Exercise instructions: Everything in the listing below has to be repeated exactly, except the pictures.
Given data Start Marker
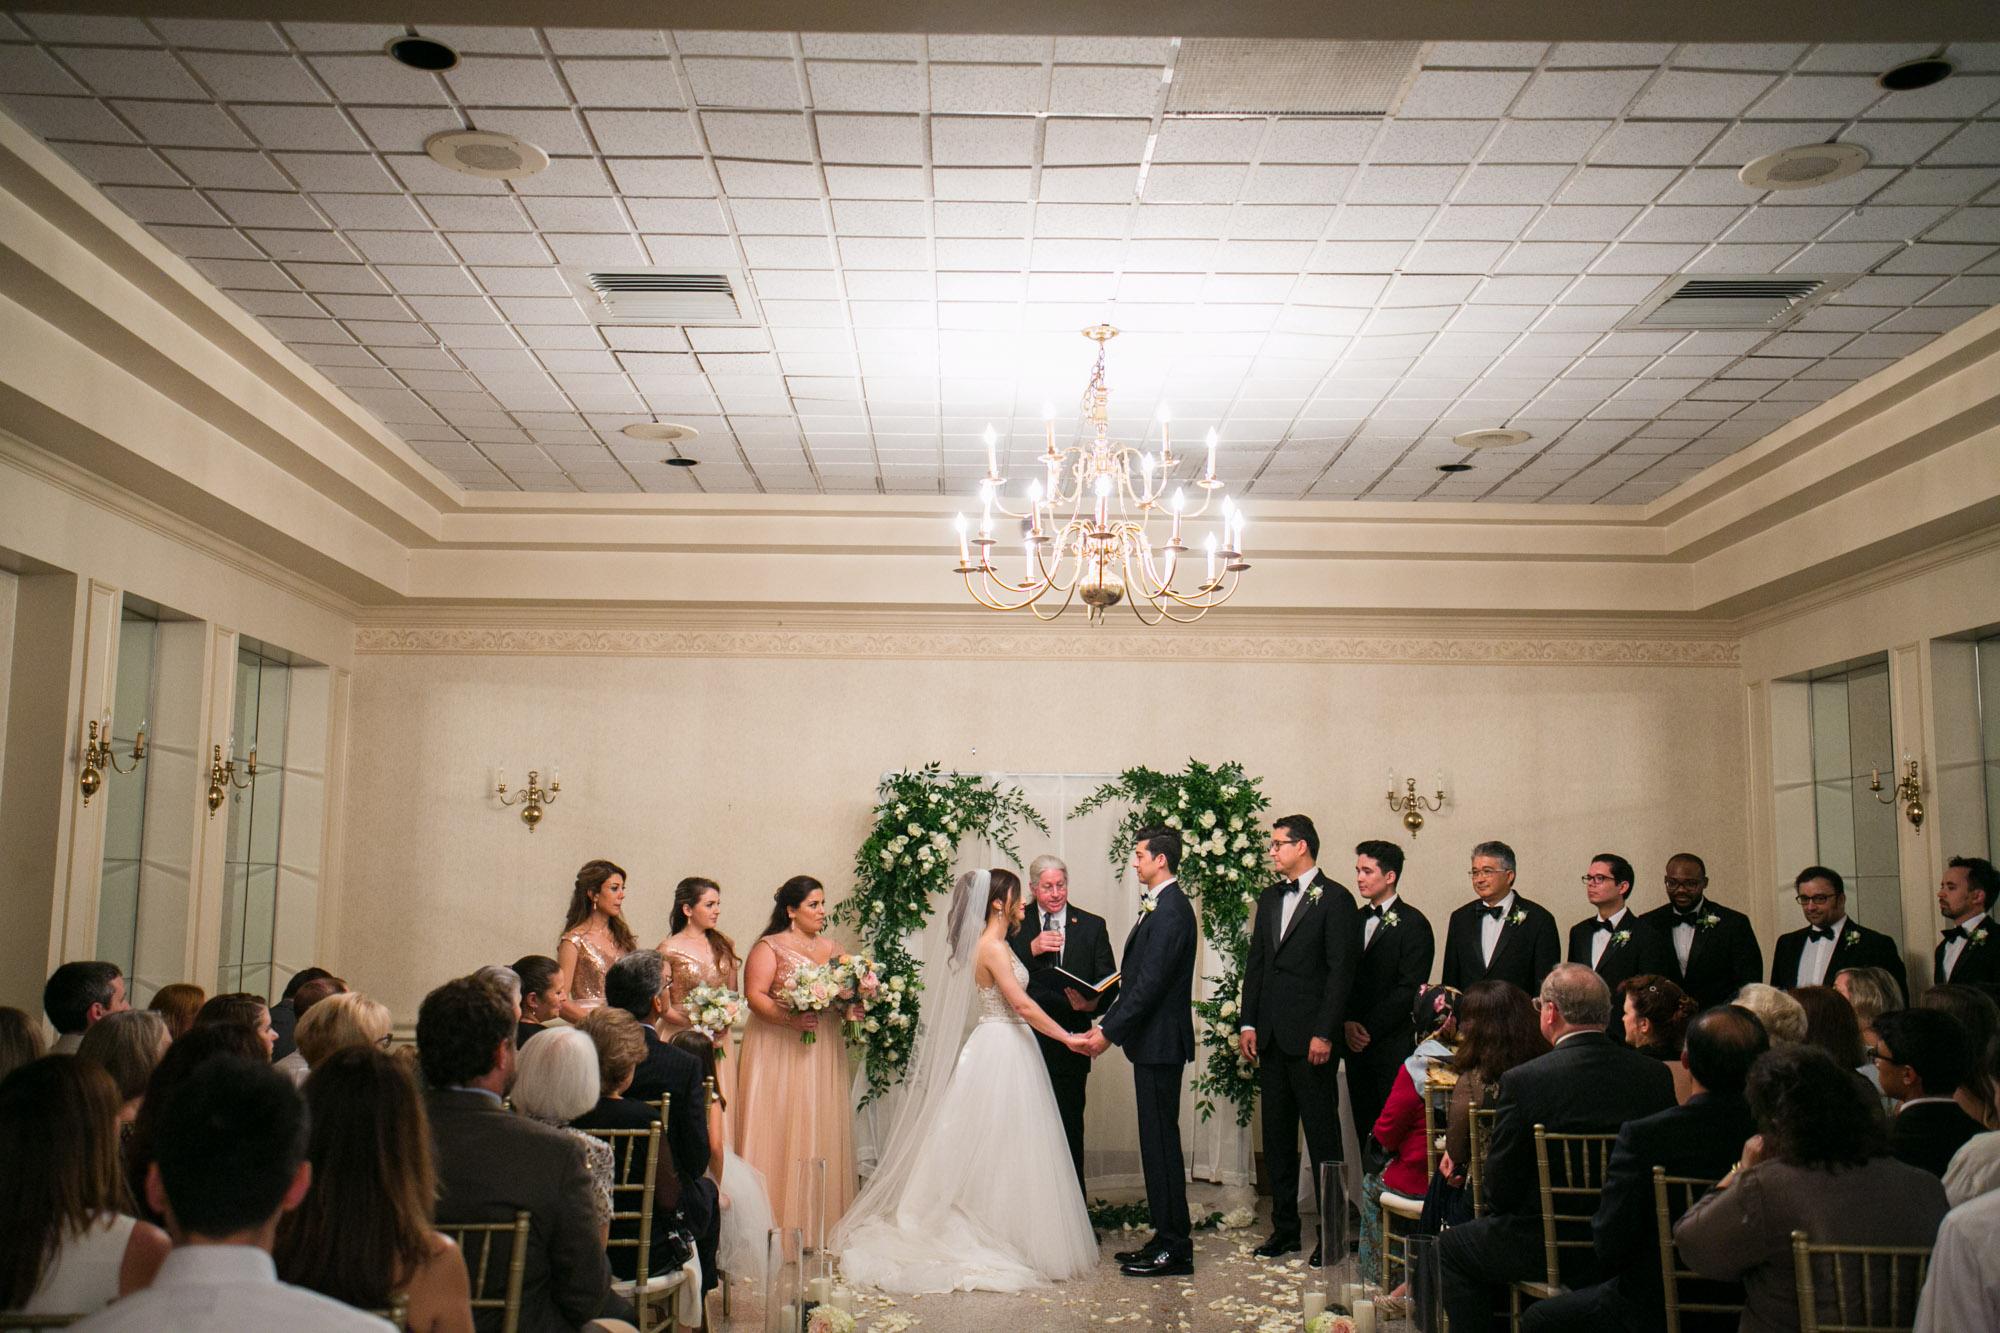 sylvania-country-club-wedding-photos-136.jpg
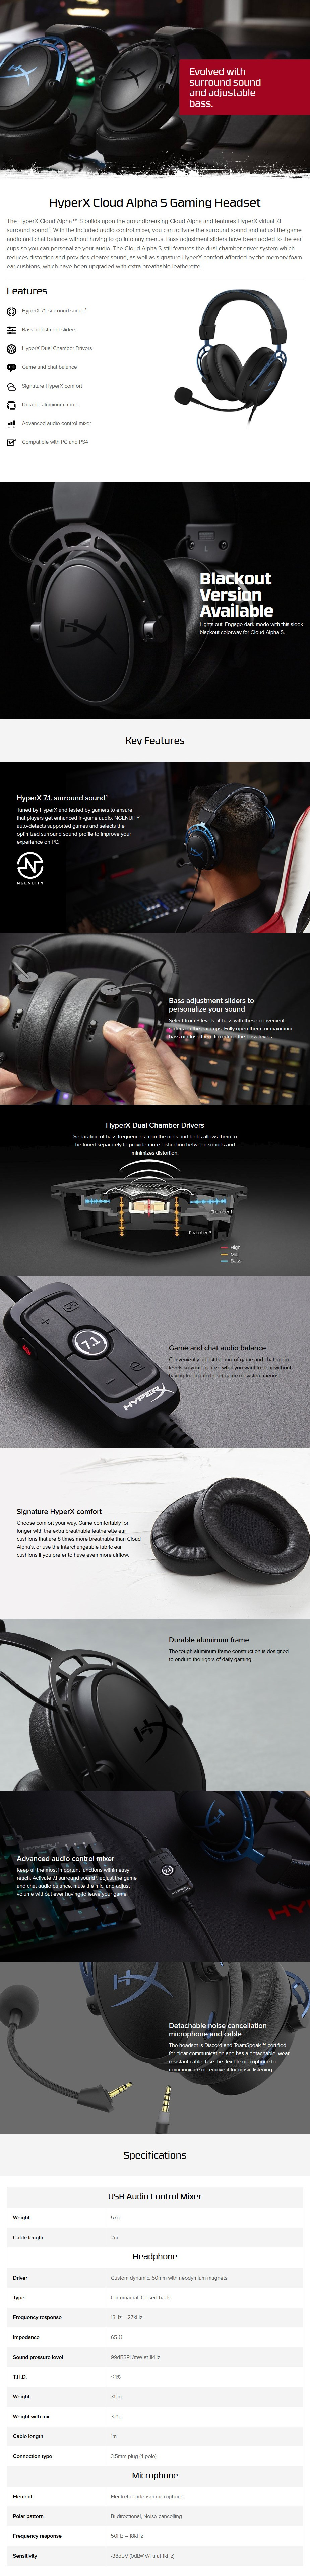 HyperX Cloud Alpha S Gaming Headset - Blackout - Overview 1
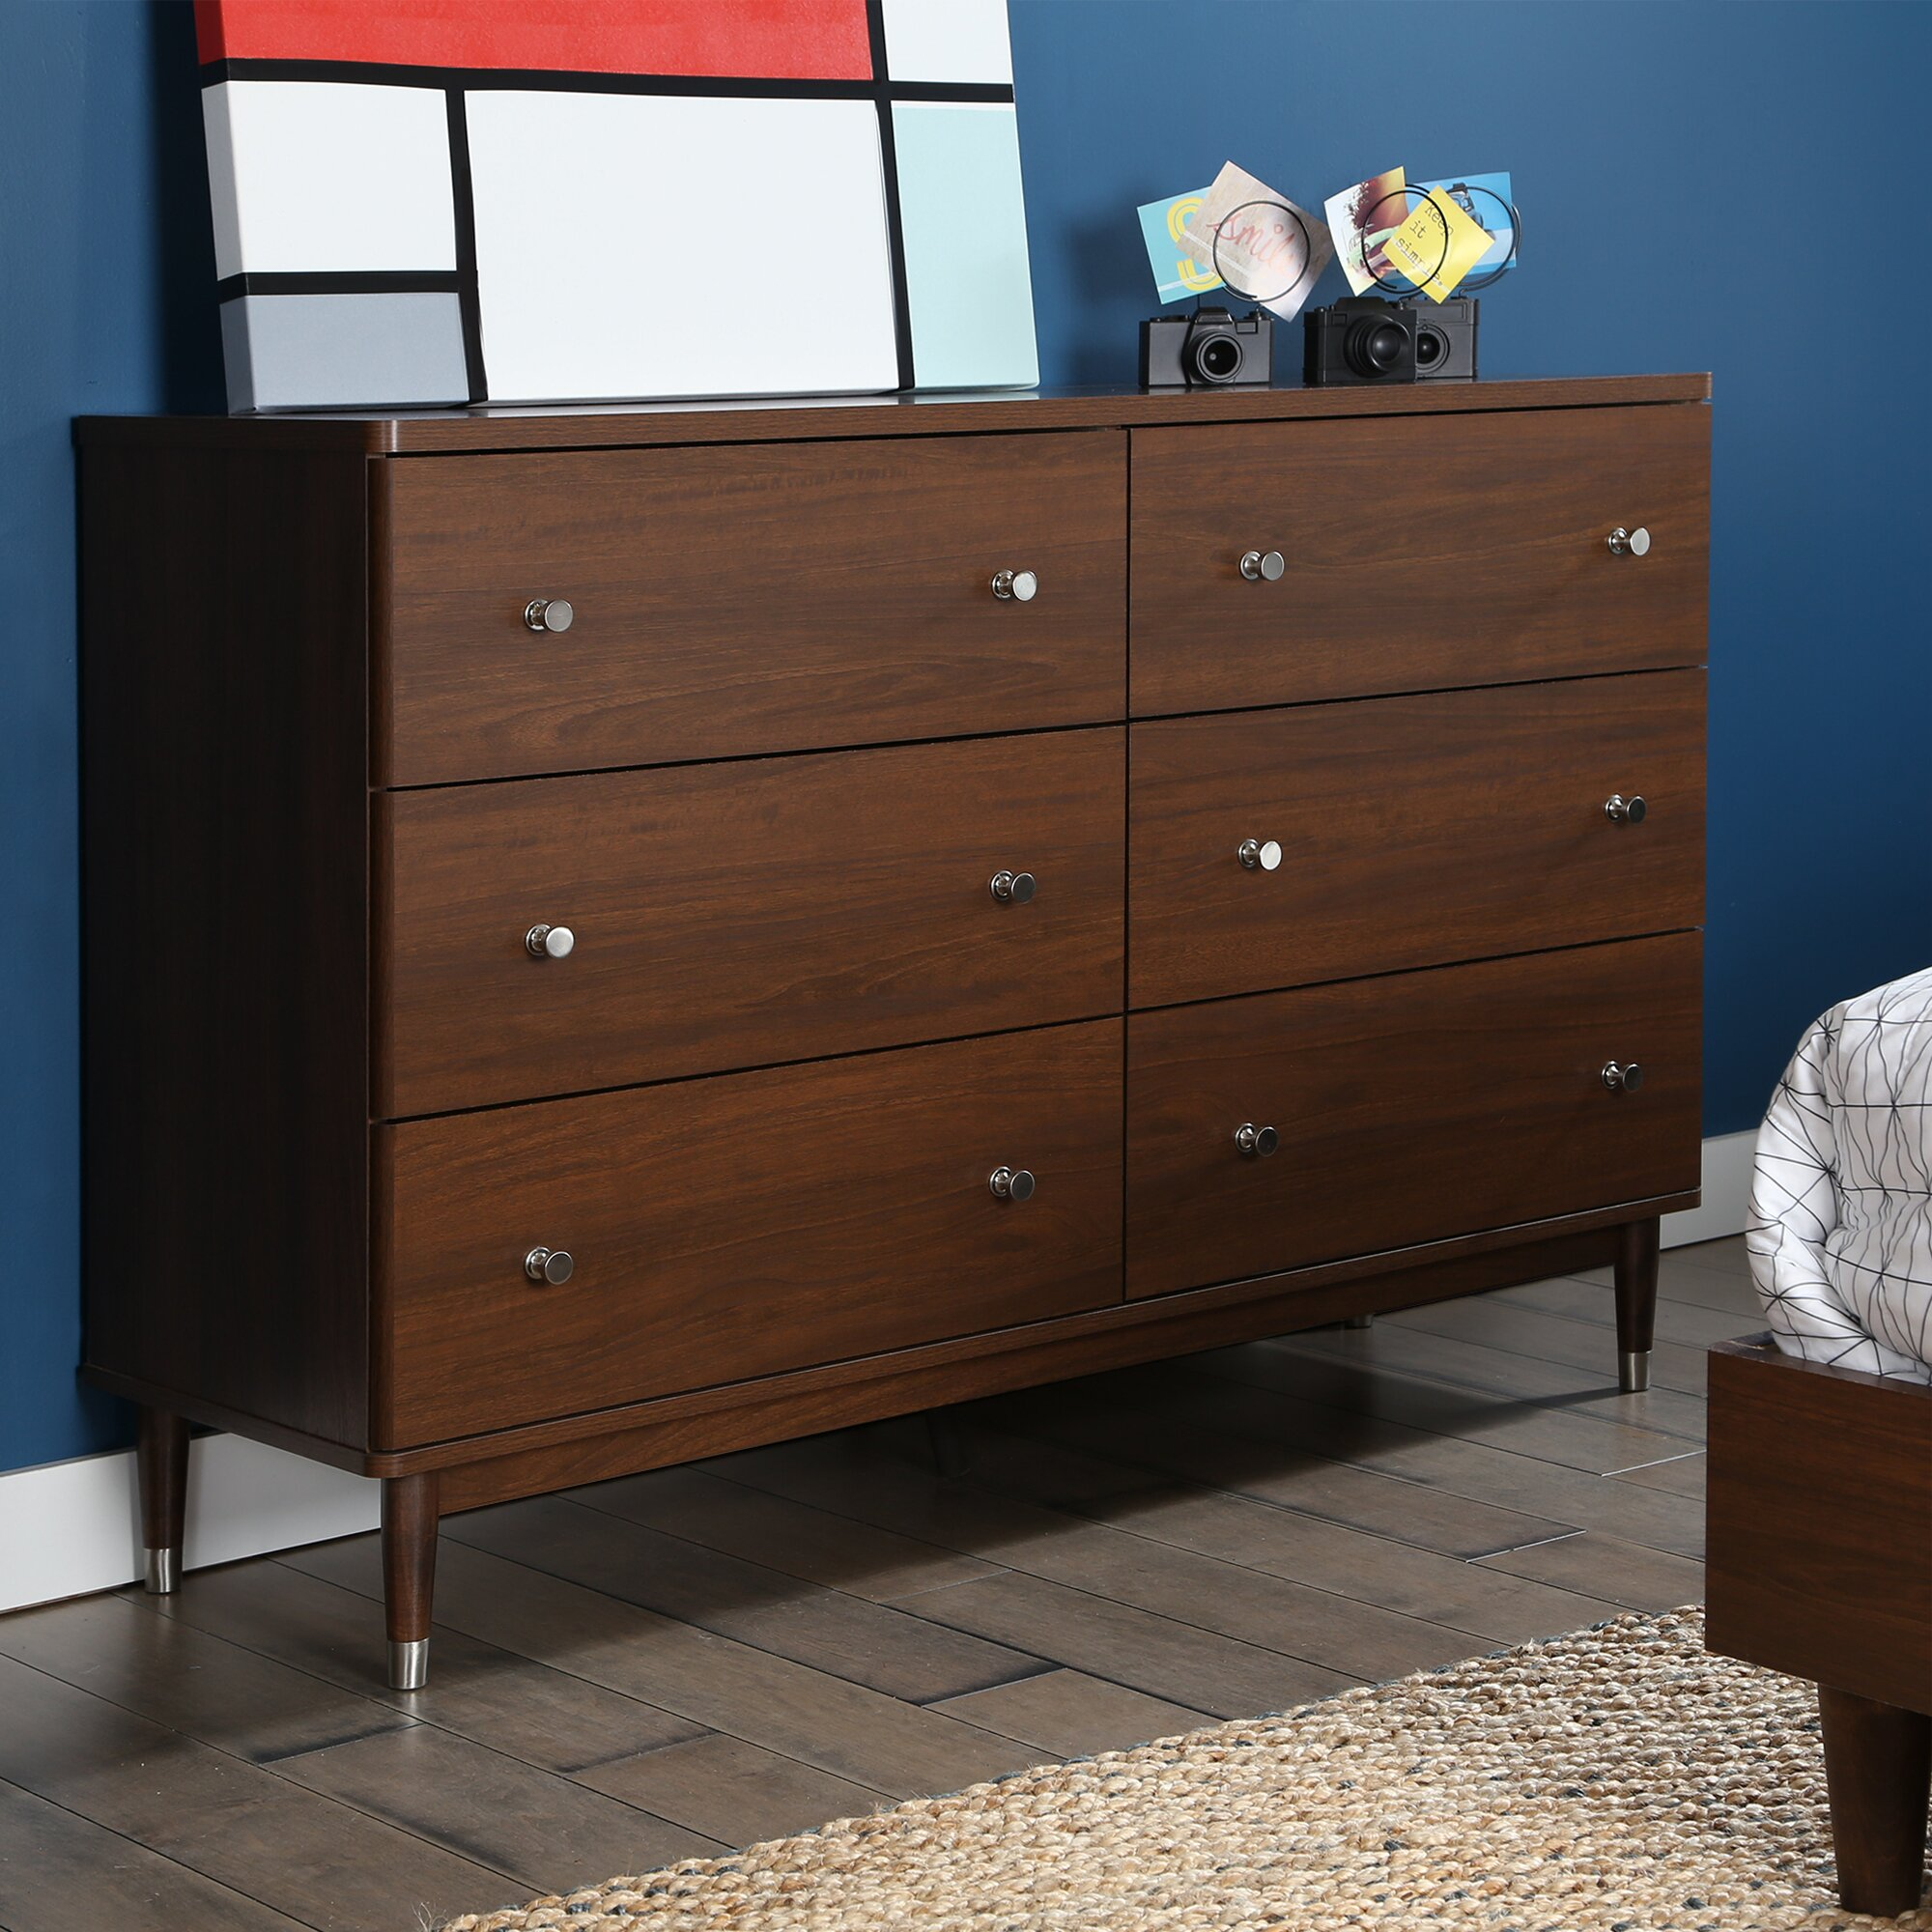 south shore olly mid century modern 6 drawer dresser reviews wayfair. Black Bedroom Furniture Sets. Home Design Ideas
Given data End Marker
Answer box:
 sylvania-country-club-wedding-photos-136.jpg
 HyperX Cloud Alpha S Gaming Headset - Blackout - Overview 1
 south shore olly mid century modern 6 drawer dresser reviews wayfair. Black Bedroom Furniture Sets. Home Design Ideas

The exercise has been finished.